* [Collected data]:
+ + +
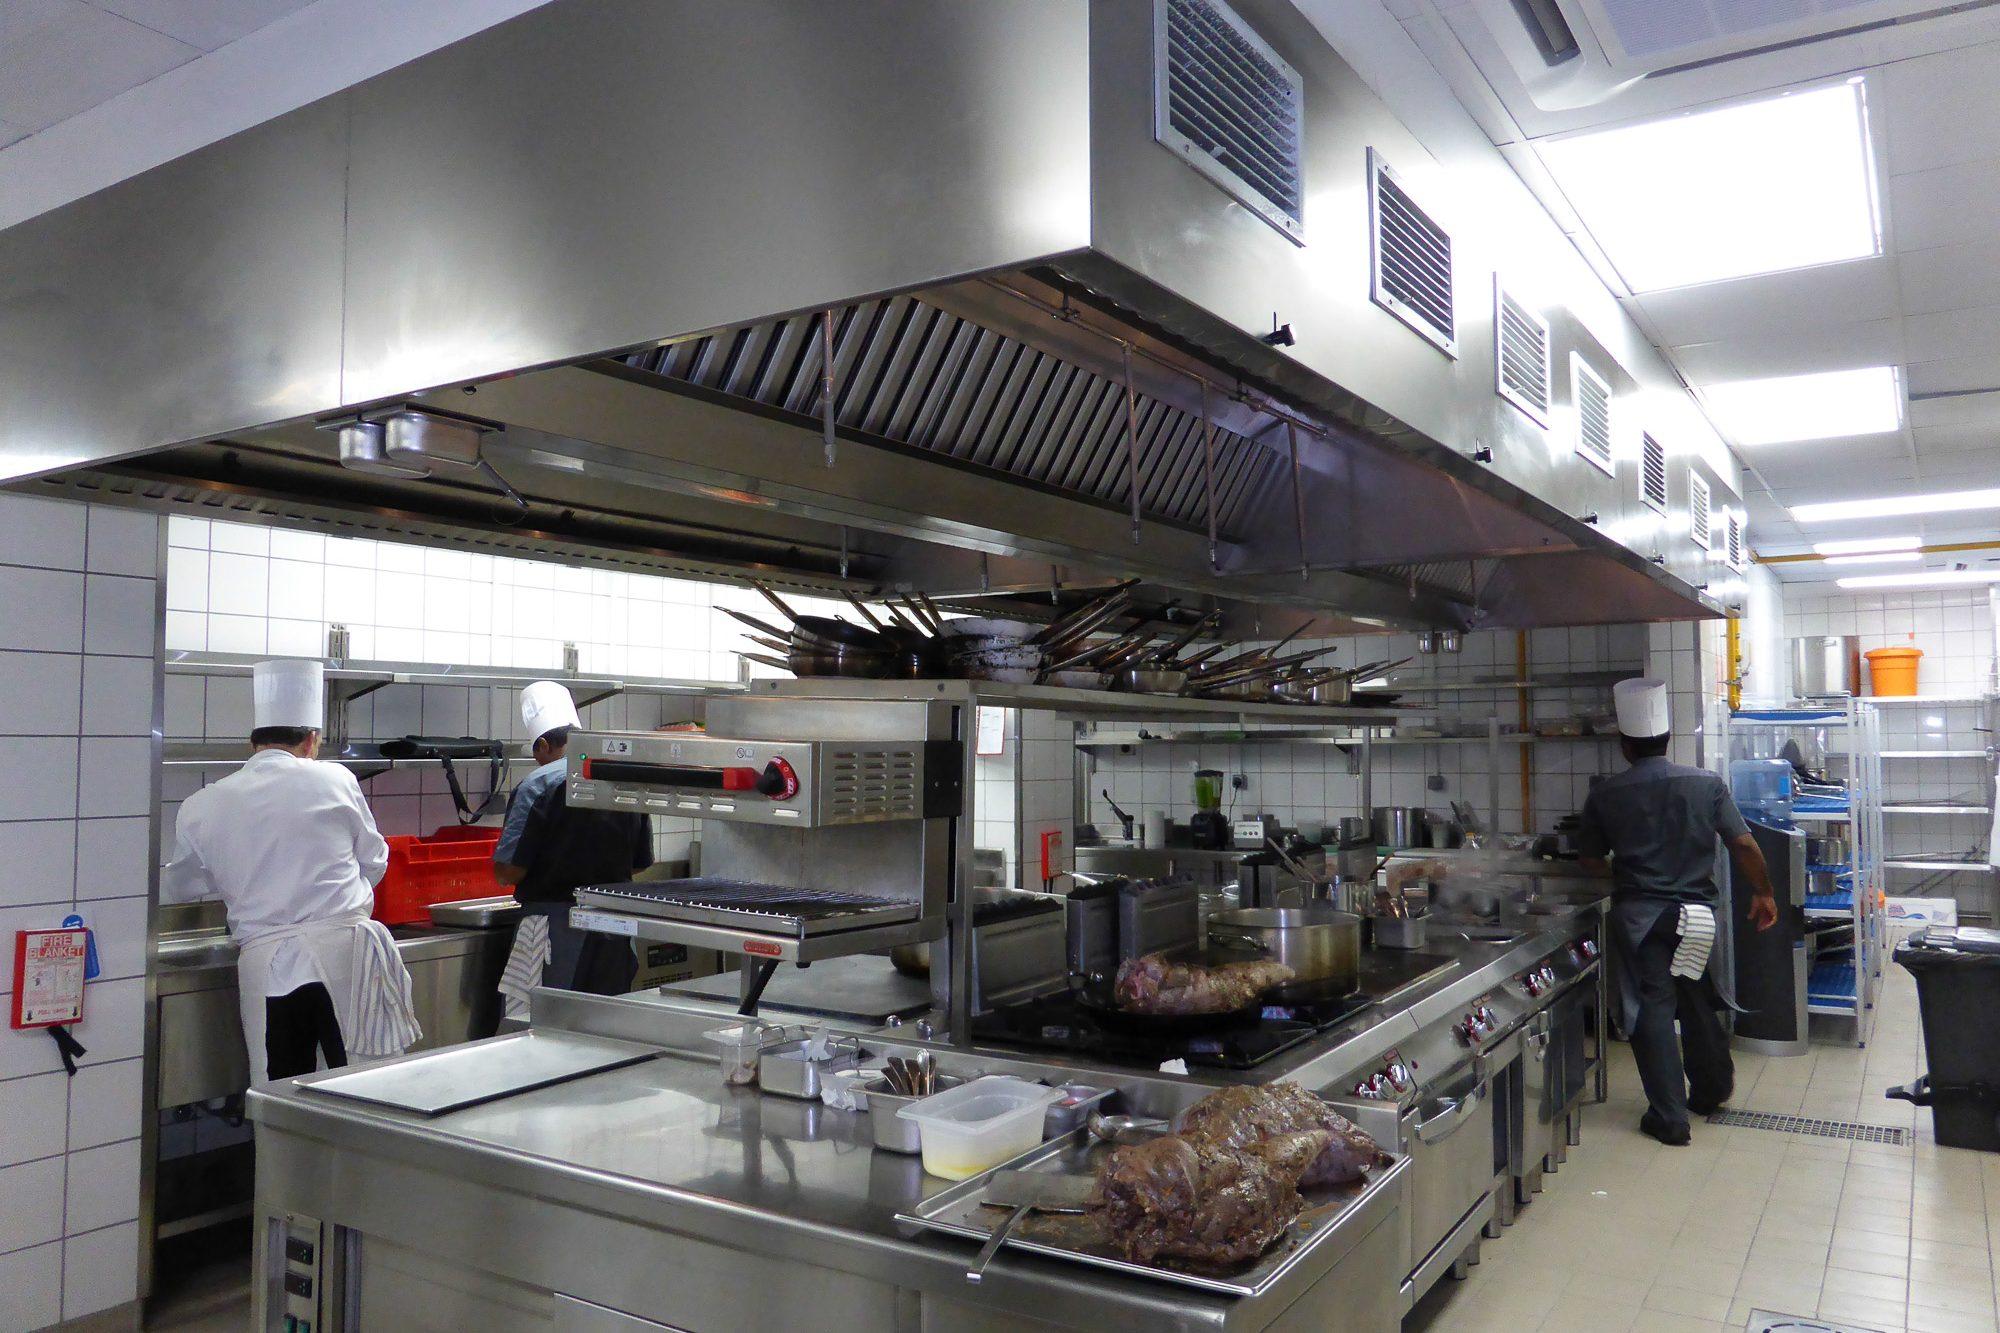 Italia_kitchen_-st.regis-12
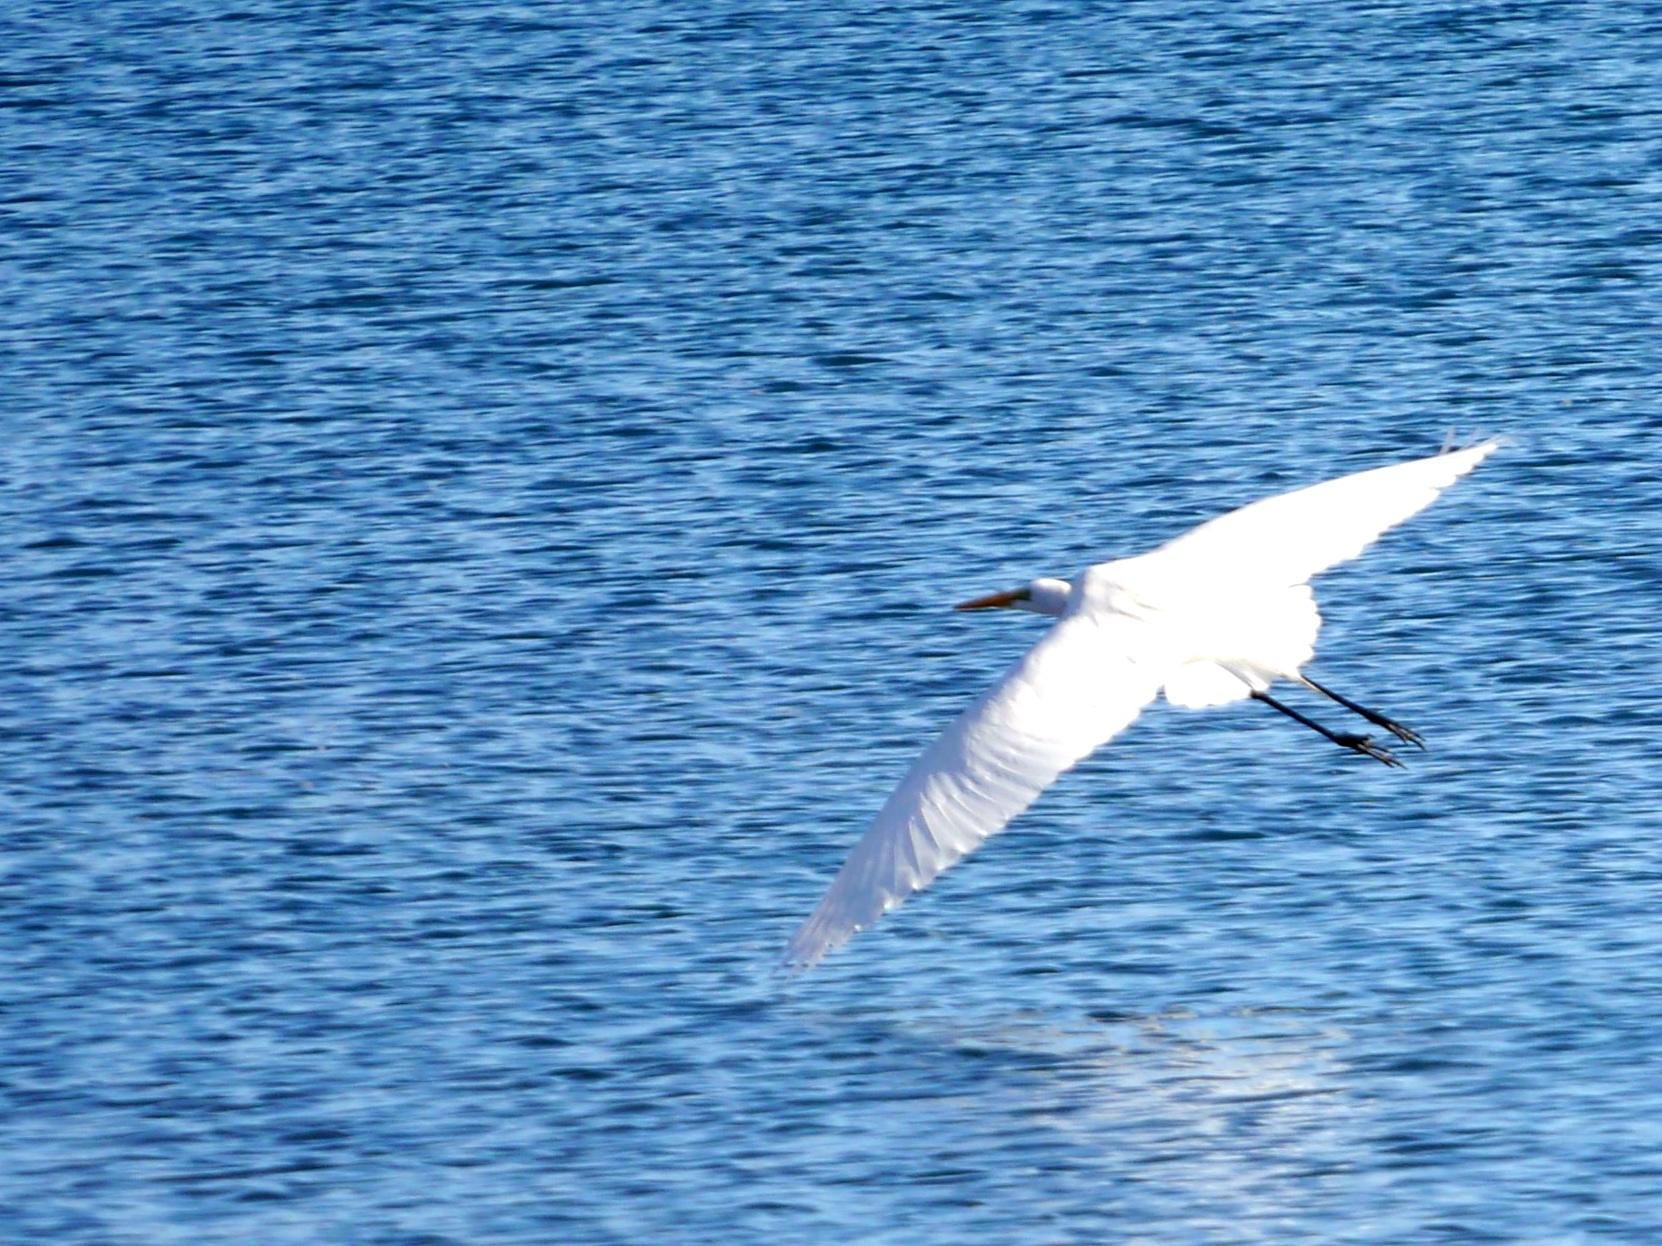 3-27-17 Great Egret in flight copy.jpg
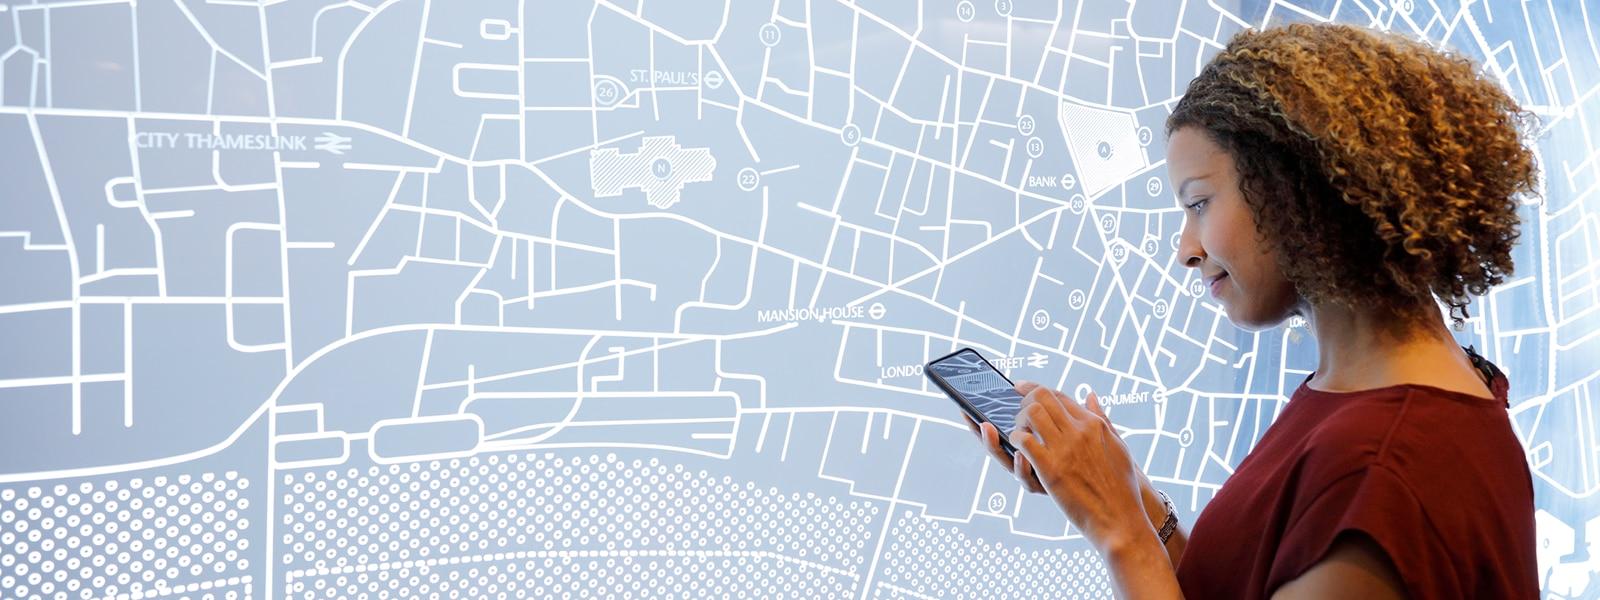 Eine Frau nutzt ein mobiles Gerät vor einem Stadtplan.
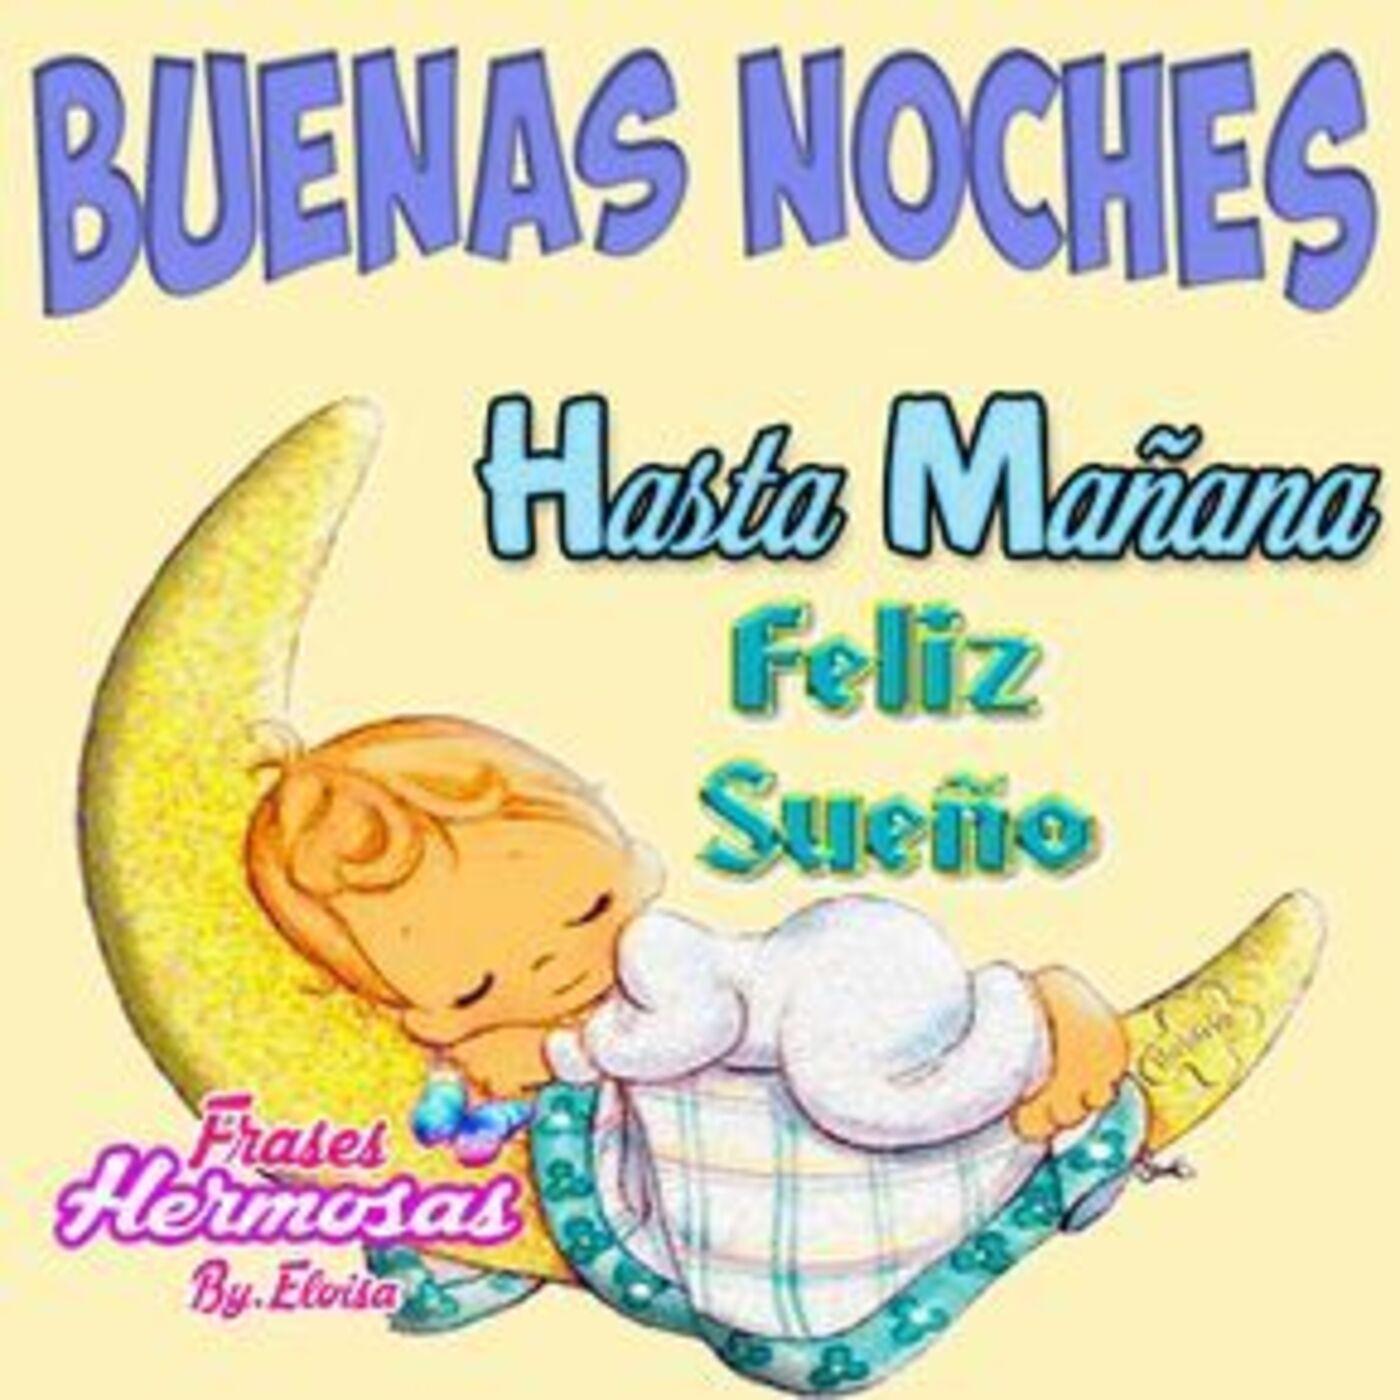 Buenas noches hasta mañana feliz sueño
+ + +
* [Assignment]: Set down each line of the material exactly and skip every image.

* [Exercise solution]:
 Italia_kitchen_-st.regis-12
 3-27-17 Great Egret in flight copy.jpg
 Eine Frau nutzt ein mobiles Gerät vor einem Stadtplan.
 Buenas noches hasta mañana feliz sueño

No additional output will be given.